Interface (Methods Public ????)

hello friends,
In interface , Y are the methods default declared as public???? and Y cannot we declare them as friend or protected ?
Can anybody tell me in details abt the same ????

Declaring protected would be unusual too since only
descendants can access protected methods and an
interface cannot have descendants of course you mean only descendands and classes
in the
same package can access protected methods ... :)Well yes, though redundant for this argument since that is already covered by package-private access. The difference between the two access-levels, the descendants, is an empty set for interfaces.
This should act a response to the previous post also - because it would make no sense to allow protected. I can see, and demonstrate, cases where package-private is of value however.
Sun made the decision it seems without full consideration. They cannot now change that decision because of the implicit manner in which package-private is indicated to the compiler (by the absence of another access level).
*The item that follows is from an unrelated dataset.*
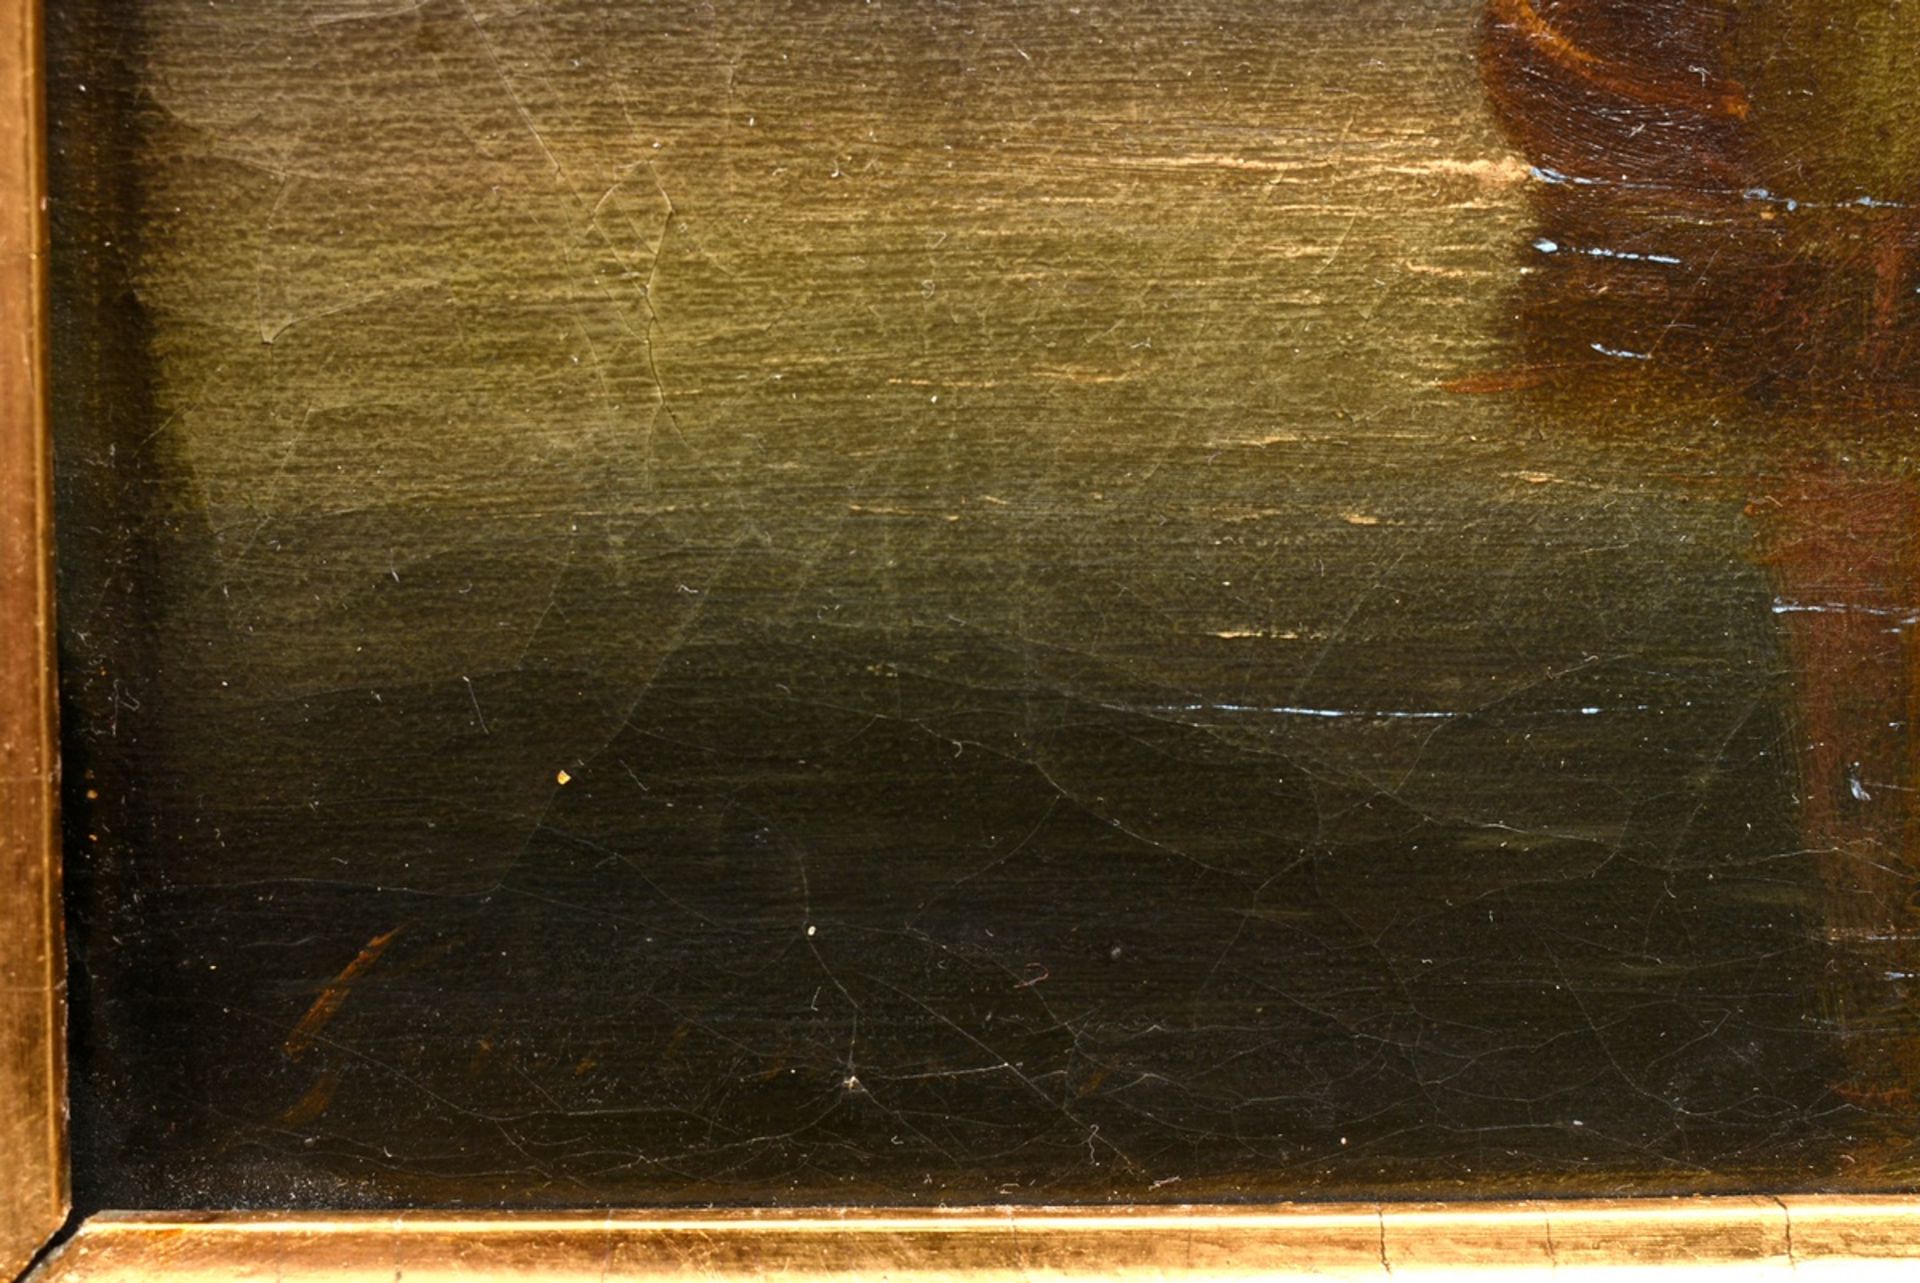 2 Unknown artist of the 18th/19th c. "Dutch Navy Motivs", oil/canvas, each illegibly sign. lower le - Image 3 of 7
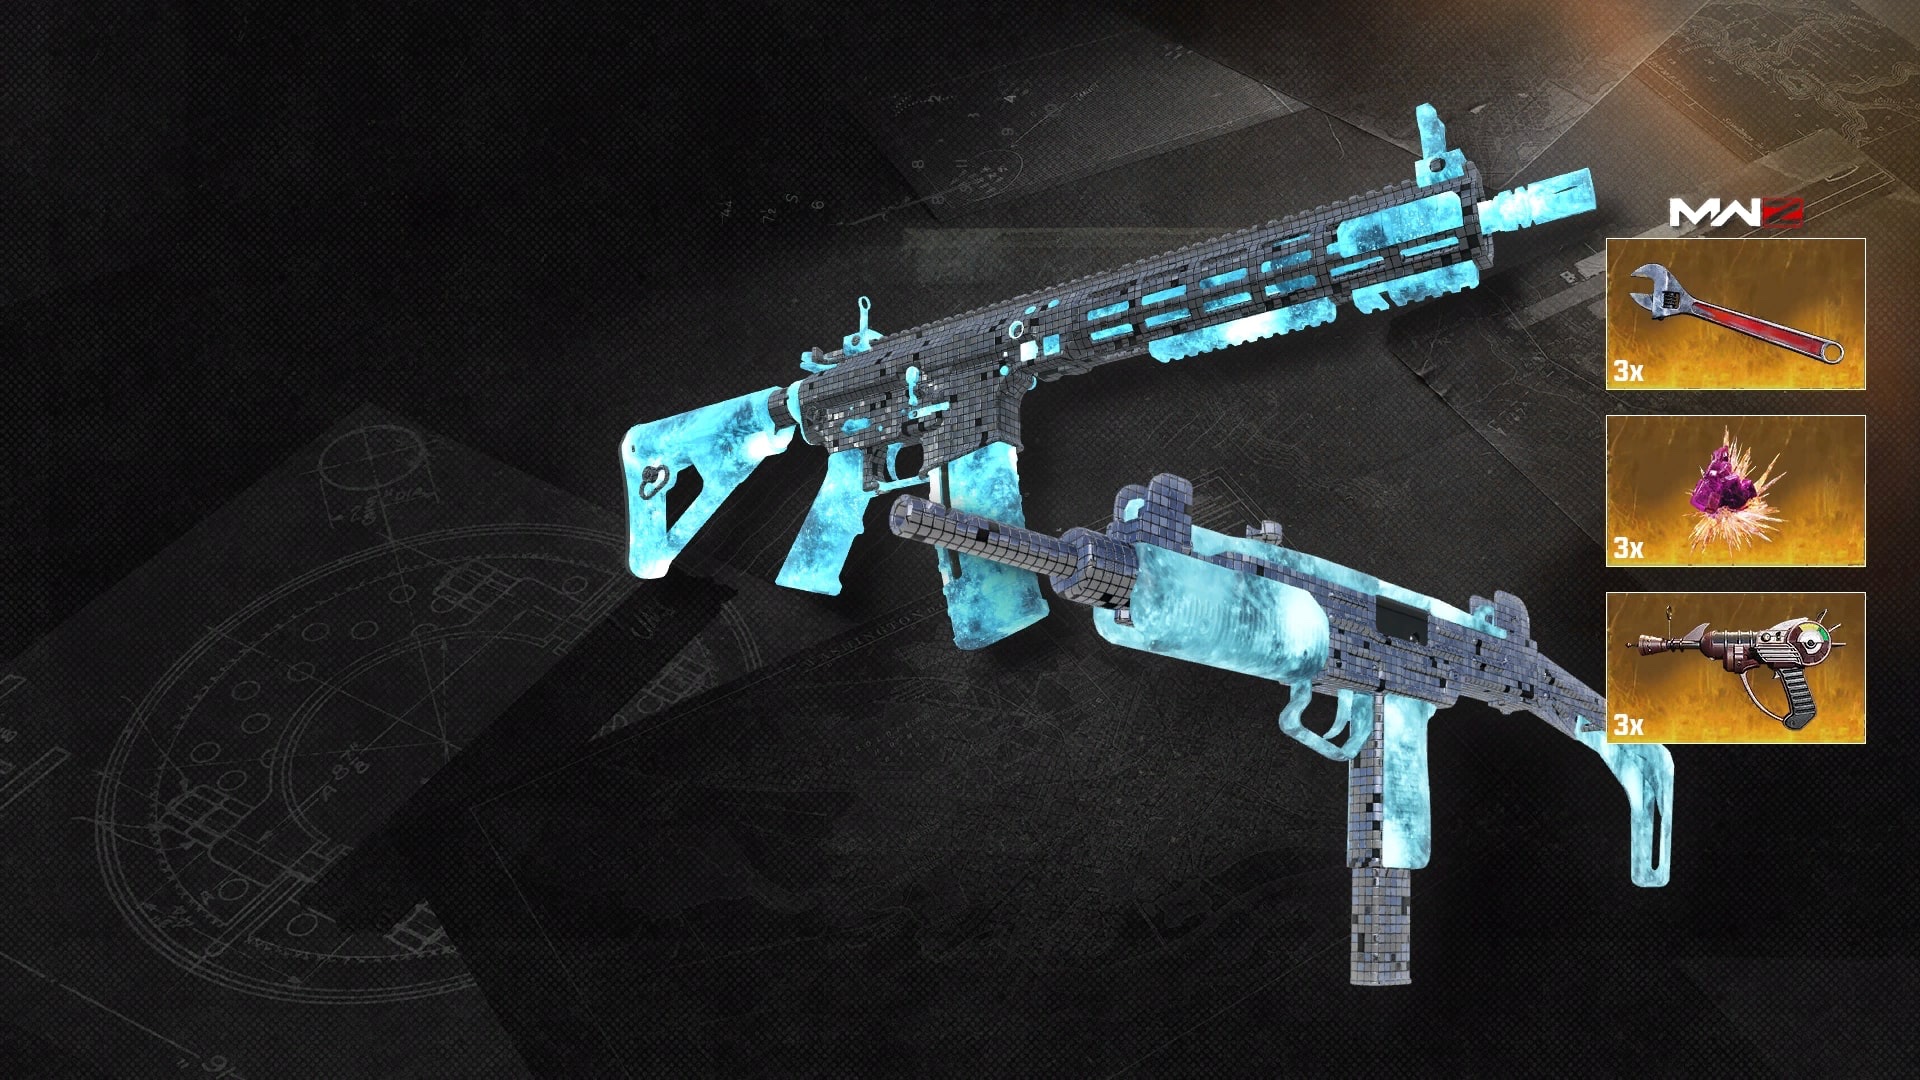 MW3 Reflect 115 Camo image from @crashfty on Twitter/X as part of a guide on how to unlock it in Modern Warfare 3 (MW3) and Warzone.

That's a problem since the compiler automatically infers 'public' access for methods in interfaces in cases where the grammar would normally indicate package-private. Changing this would break a massive amount of code.
An option would be to introduce a new keyword 'friendly' or 'packageprivate' and keep the current rules for implied access. This would allow the new access without breaking much code. The only code to break would be that which uses the new keyword for another purpose.
These collisions would be uncommon because:
- The name of a type uses the convention of a leading uppercase first letter.
- The name of a method uses the conventions for property accessors and
mutators using the prefixes 'get', 'set', 'is' and 'has' or is a behaviour and
more likely to use a verb.
local variables and fields are the only likely collisions - these should be minimal and not used in exposed APIs.